## TASK DIRECTIONS
Restate the listing exactly and in full.

## SUPPLIED DATA
• • •
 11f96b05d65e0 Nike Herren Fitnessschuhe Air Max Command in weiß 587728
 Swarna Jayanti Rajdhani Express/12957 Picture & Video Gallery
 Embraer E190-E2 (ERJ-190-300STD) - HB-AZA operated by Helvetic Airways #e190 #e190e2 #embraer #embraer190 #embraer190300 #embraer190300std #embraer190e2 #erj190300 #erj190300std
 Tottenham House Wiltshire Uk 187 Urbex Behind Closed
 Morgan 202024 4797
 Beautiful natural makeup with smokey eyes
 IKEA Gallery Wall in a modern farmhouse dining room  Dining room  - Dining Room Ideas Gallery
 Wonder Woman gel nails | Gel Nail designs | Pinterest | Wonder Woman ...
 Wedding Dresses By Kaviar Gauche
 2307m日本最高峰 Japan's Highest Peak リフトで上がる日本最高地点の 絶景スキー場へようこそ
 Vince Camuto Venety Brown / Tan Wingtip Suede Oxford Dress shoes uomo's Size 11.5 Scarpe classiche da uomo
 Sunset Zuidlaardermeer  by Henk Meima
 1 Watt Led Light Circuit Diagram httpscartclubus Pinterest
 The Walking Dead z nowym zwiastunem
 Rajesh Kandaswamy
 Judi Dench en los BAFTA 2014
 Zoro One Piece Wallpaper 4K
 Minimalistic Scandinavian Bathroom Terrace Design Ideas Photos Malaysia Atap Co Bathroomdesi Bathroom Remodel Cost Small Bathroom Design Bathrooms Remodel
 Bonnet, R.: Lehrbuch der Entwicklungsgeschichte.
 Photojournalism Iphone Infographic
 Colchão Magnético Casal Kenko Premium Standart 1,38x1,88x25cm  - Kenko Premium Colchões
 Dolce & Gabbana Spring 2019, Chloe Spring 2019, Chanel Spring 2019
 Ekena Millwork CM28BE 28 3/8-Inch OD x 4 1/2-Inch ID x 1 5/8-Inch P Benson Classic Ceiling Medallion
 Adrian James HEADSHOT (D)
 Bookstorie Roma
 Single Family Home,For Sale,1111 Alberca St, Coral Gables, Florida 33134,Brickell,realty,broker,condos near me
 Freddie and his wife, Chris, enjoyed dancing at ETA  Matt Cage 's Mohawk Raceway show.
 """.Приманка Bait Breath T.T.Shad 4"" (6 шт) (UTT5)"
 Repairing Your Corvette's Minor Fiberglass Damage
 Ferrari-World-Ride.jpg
• • •
## EXERCISE SOLUTION
 11f96b05d65e0 Nike Herren Fitnessschuhe Air Max Command in weiß 587728
 Swarna Jayanti Rajdhani Express/12957 Picture & Video Gallery
 Embraer E190-E2 (ERJ-190-300STD) - HB-AZA operated by Helvetic Airways #e190 #e190e2 #embraer #embraer190 #embraer190300 #embraer190300std #embraer190e2 #erj190300 #erj190300std
 Tottenham House Wiltshire Uk 187 Urbex Behind Closed
 Morgan 202024 4797
 Beautiful natural makeup with smokey eyes
 IKEA Gallery Wall in a modern farmhouse dining room  Dining room  - Dining Room Ideas Gallery
 Wonder Woman gel nails | Gel Nail designs | Pinterest | Wonder Woman ...
 Wedding Dresses By Kaviar Gauche
 2307m日本最高峰 Japan's Highest Peak リフトで上がる日本最高地点の 絶景スキー場へようこそ
 Vince Camuto Venety Brown / Tan Wingtip Suede Oxford Dress shoes uomo's Size 11.5 Scarpe classiche da uomo
 Sunset Zuidlaardermeer  by Henk Meima
 1 Watt Led Light Circuit Diagram httpscartclubus Pinterest
 The Walking Dead z nowym zwiastunem
 Rajesh Kandaswamy
 Judi Dench en los BAFTA 2014
 Zoro One Piece Wallpaper 4K
 Minimalistic Scandinavian Bathroom Terrace Design Ideas Photos Malaysia Atap Co Bathroomdesi Bathroom Remodel Cost Small Bathroom Design Bathrooms Remodel
 Bonnet, R.: Lehrbuch der Entwicklungsgeschichte.
 Photojournalism Iphone Infographic
 Colchão Magnético Casal Kenko Premium Standart 1,38x1,88x25cm  - Kenko Premium Colchões
 Dolce & Gabbana Spring 2019, Chloe Spring 2019, Chanel Spring 2019
 Ekena Millwork CM28BE 28 3/8-Inch OD x 4 1/2-Inch ID x 1 5/8-Inch P Benson Classic Ceiling Medallion
 Adrian James HEADSHOT (D)
 Bookstorie Roma
 Single Family Home,For Sale,1111 Alberca St, Coral Gables, Florida 33134,Brickell,realty,broker,condos near me
 Freddie and his wife, Chris, enjoyed dancing at ETA  Matt Cage 's Mohawk Raceway show.
 """.Приманка Bait Breath T.T.Shad 4"" (6 шт) (UTT5)"
 Repairing Your Corvette's Minor Fiberglass Damage
 Ferrari-World-Ride.jpg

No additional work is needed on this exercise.